I'm a little tired today.  I took my niece & went with some friends to Orlando yesterday.  Went swimming at the Nickelodeon pool & then to Sea World.  Saw way more of the dolphins than I wanted to ever see.  I'm taking my niece to Libby Lu's in a few hours - she has no idea, I wanted to surprise her. 

Not much else really going on...just relaxing in the hot Florida weather.  Hurricane Dennis passed my area by - we really didn't even get all that much rain, no difference really than the usual thunderstorms.  I'm thankful - hurricanes stay away!

Friday, July 8, 2005

Hurricane Dennis

Hurricane Dennis is on his way - the first hurricane ever in the month of July.  So far it looks like we'll just get a little bit of wind & lots of rain, but Alabama & Pensacola will get the impact.  Hopefully it won't be too devastating.  I'd be lying if I didn't say I'm glad it's not coming this way.  After having 3 hurricanes in this area last year, we definitely don't need to go through that again.  It's hard to believe it was nearly a year ago that Hurricane Charley hit - doesn't seem like that much time has gone by. 

Last night at work was alright.  I had a "sneaky" patient that was anxious to go home.  She had a stress test done at noon that day & was waiting for her cardiologist to come in & give the order to discharge her.  Time ticked by, it's 9:30 pm, he's still not around.  She asked me to call him & tell him she wants to go home.  I couldn't call & say that nor can I call & tell him to come in like she was requesting.  So her & her daughter took matters into their own hands, called his answering service - pretended they were ME & told the answering service to have the doctor call me back.  When the lady at the answering service asked for a name & a phone number - they didn't have one to give so instead they gave the name of the hospital & the patient's name & said "Call the nurse."  I get a phone call from the answering service asking what is going on.  I wouldn't have cared if the patient called for the doctor herself & explain to him she was anxious to go home, but to pretend like she was me?  Grrrr.  I said to go ahead & page him since he was on call.  Luckily a few minutes later, he happened to stroll onto the floor & discharged her like he had originally planned.  It had nothing to do with her phone call, but I'm sure she thought it did.  I've never seen someone get dressed & out of the room so quickly. Luckily the day nurse had filled out the discharge papers & all I really needed was to fill in a few blanks & get the patient's signature.  A word to the wise - if you come into the ER complaining of chest pain - plan to spend a few days at the hospital while the doctors run their tests.  They can't let you go simply cause you say you feel better without being liable for "if" something happens without running the tests.

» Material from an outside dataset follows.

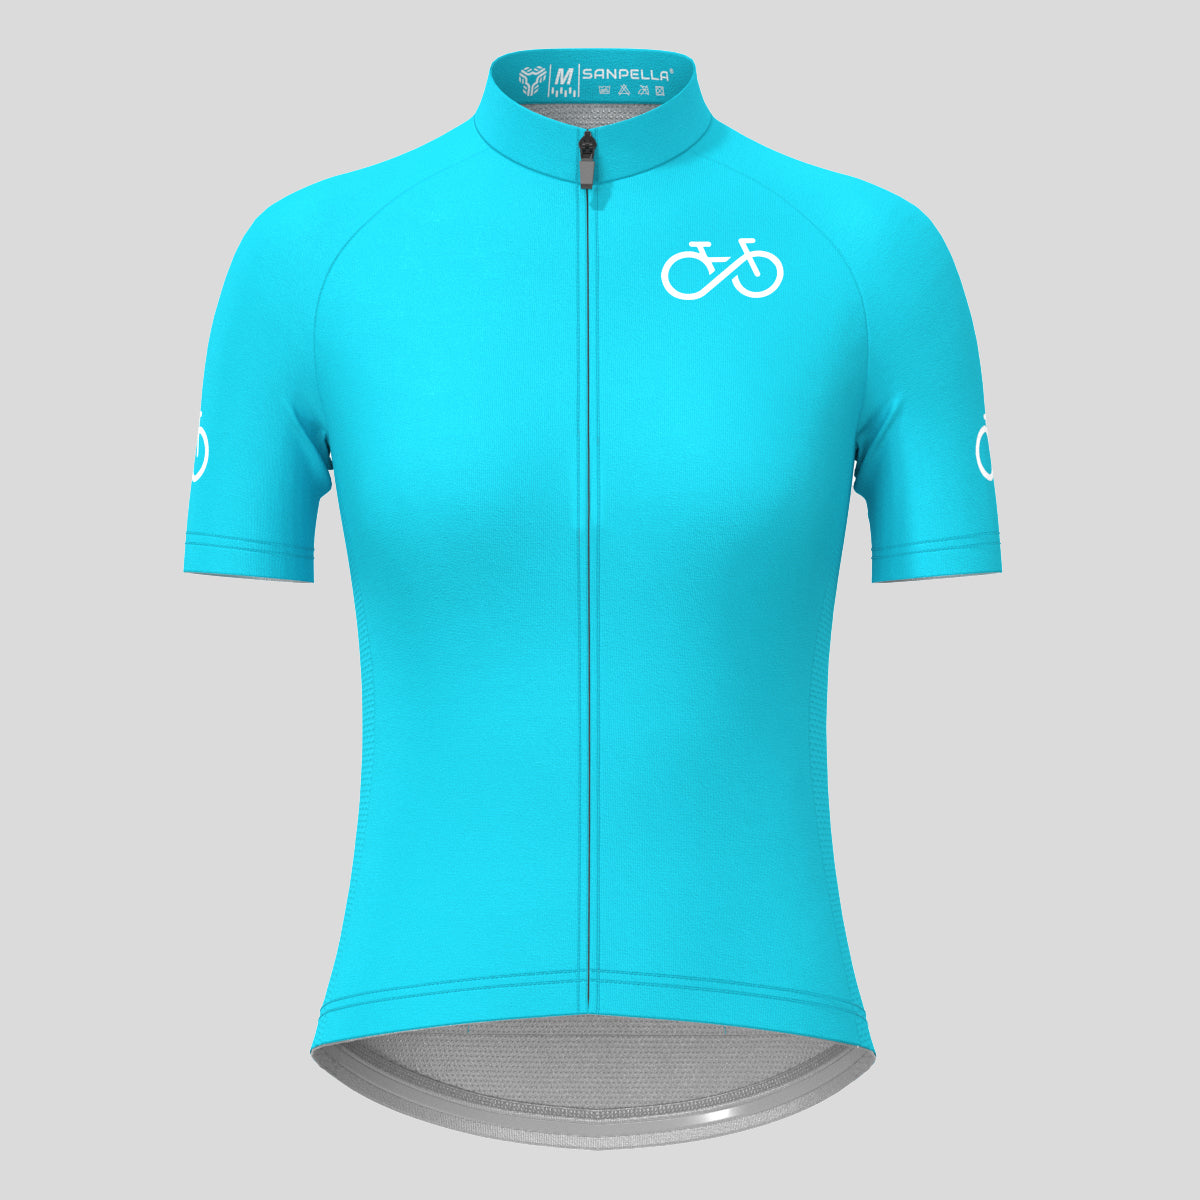 Ride Forever Women's Cycling Jersey - Ocean

My other patient that had a stress test that day also was very anxious to go home....only he still had to complete the resting portion of the stress test the next morning.  He was telling me he'll just come back another day for that.  Uh huh, sure you will.  Then he tried to say he had to be at work this morning & he had to be discharged.  I told him he was welcome to leave, but he'd be taking the bill with him because when you leave without a doctor's order to be discharged, your insurance company will not pay the bill.  That seemed to get him thinking straight again.  He wasn't happy, but hey, it wasn't my fault.  Then he wanted to take a shower & I told him we need a doctor's order for that too...because technically everyone on PCU is considered to be in "guarded" condition & are supposed to be in bed getting bedrest.  I'm beginning to wonder why they even put showers in the bathrooms on this floor.  Luckily this guy went to sleep & didn't really have much else to complain about through the night.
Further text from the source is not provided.